United States District Court, District of Alaska
Mar 13, 2022
3:19-cr-00026-TMB-SAO-3 (D. Alaska Mar. 13, 2022)

Opinion

3:19-cr-00026-TMB-SAO-3

03-13-2022

UNITED STATES OF AMERICA, Plaintiff, v. GLEN BALDWIN, a/k/a “Glen Dog” Defendant.


ORDER ON DEFENDANT BALDWIN'SMOTION TO EXCLUDE EVIDENCE OF OTHER CRIMES, WRONGS, OR ACTS (DKT. 804)

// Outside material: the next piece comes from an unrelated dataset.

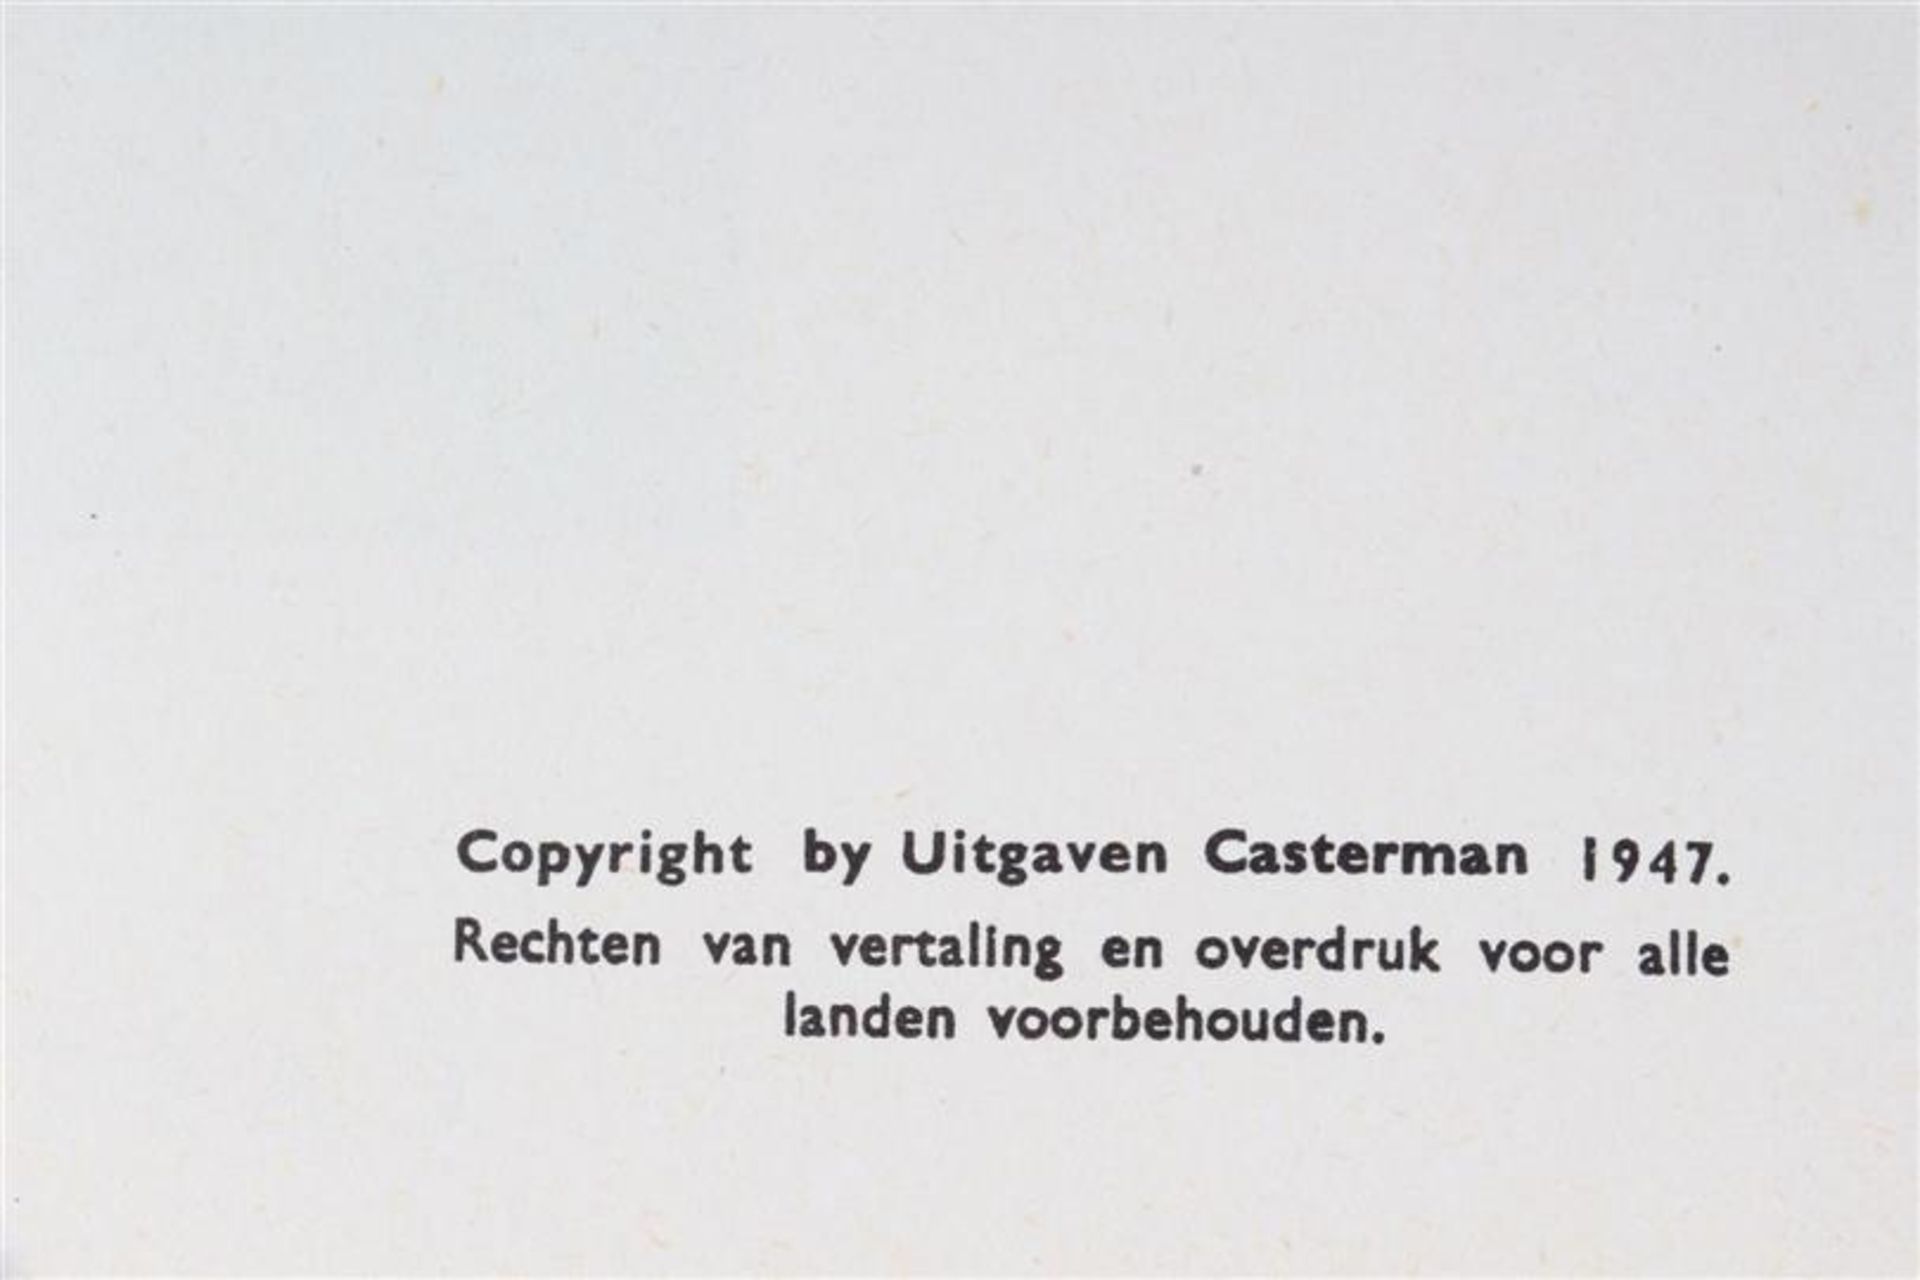 De avonturen van Kuifje, Hergé, uitgeverij Casterman, 7 hardcovers en drie softcovers. - Bild 4 aus 17

TIMOTHY M. BURGESS UNITED STATES DISTRICT JUDGE

I. INTRODUCTION

Before the Court is Defendant Glen Baldwin's Motion to Exclude Evidence of Other Crimes, Wrongs, or Acts Pursuant to Federal Rule of Evidence (“Rule”) 404(b) at Docket 804 (the “Motion”). Specifically, Baldwin asks the Court “to exclude any evidence regarding Baldwin's contact with Florida law enforcement, as well as any mention of his tattoos.” The Government opposes the Motion. For the following reasons, the Court GRANTS in part and DENIES in part the Motion.

Dkt. 804 (Motion).

Id. at 2.

Dkt. 953 (Opposition).

II.BACKGROUND

Baldwin along with co-defendants Filthy Fuhrer, Roy Naughton, Colter O'Dell, and Craig King are alleged members or associates of the 1488s, a purported criminal enterprise. The Defendants are charged by Superseding Indictment with Racketeering Conspiracy (Count 1); Violent Crimes in Aid of Racketeering (“VICAR”) Conspiracy (Count 2); Kidnapping Conspiracy (Counts 3, 7, and 10); Kidnapping Resulting in Death (Count 4); VICAR Murder (Count 5); Kidnapping (Counts 8 and 11); and VICAR Assault (Counts 9, 10, and 12). Fuhrer and Naughton are charged in all counts. O'Dell, Baldwin, and King are charged in Counts 1-5 only: Racketeering Conspiracy, VICAR Conspiracy, and counts relating to the alleged kidnap, assault, and murder of Michael Staton on August 3, 2017. Trial on these charges is set to begin on March 14, 2022.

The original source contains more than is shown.